In sum, for all the foregoing reasons and as a matter of sound contract law, I believe that the preferable disposition is to remand to the trial court so that the jury may address whether a reasonable employer in the position of Optus Software would have been satisfied by Silvestri’s performance under the contract. More*131over, because of the potential for unfairness inherent in the subjective standard, and in order to provide bright-line direction for the benefit of employers, I would limit future application of the subjective standard to satisfaction contracts for employment to those instances when the clear and explicit language of the contract requires its use or, in the absence of such language, when the subject matter of the contract is wholly unamenable to objective evaluation.

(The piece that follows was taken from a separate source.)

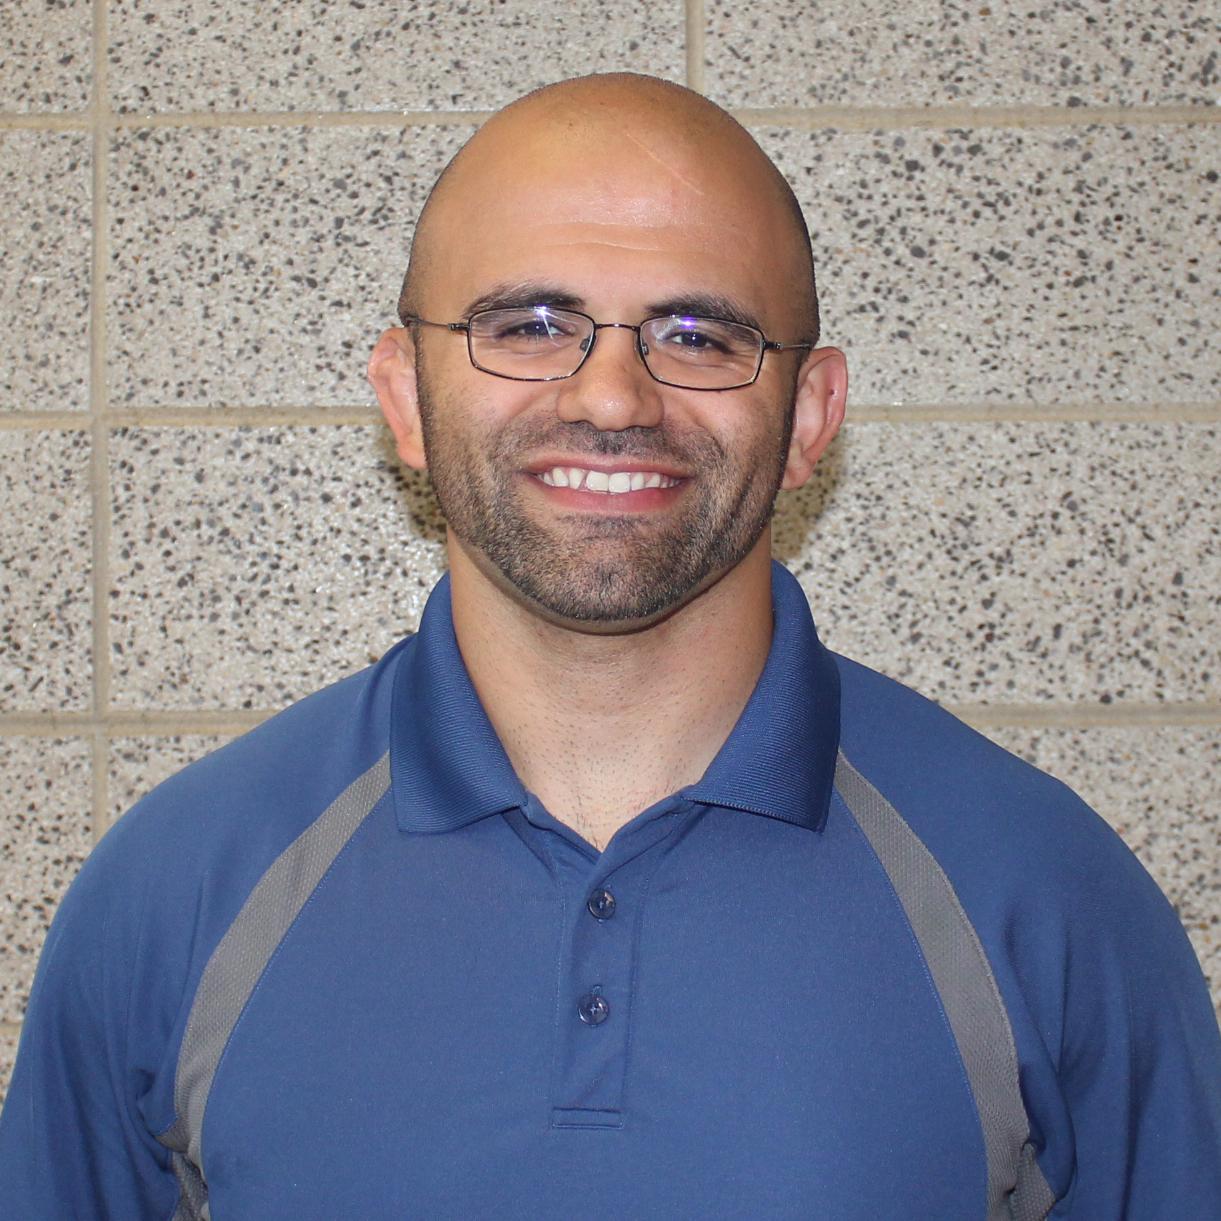 New Dean, Mr. Babakhani

Satisfaction contracts, evaluated under an objective standard of reasonableness, sensibly and fairly position the employee midway on the legal continuum between “at will” and “for cause” employment. Although the majority makes well-intentioned efforts to distinguish satisfaction contracts from relationships of employment-at-will, Ante at 123-24, 814 A.2d at 607-08, for all practical purposes that distinction cannot be maintained when the propriety of an employer’s dissatisfaction becomes a question of subjective “genuineness.” To apply such a standard is to create, if not employees-at-will, then employees-at-whim.
Justice LONG joins in this opinion.
For reversal and remandment — Chief Justice PORITZ and Justices COLEMAN, VERNIERO, LaVECCHIA and ALBIN— 5. Dissenting — Justices LONG and ZAZZALI — 2.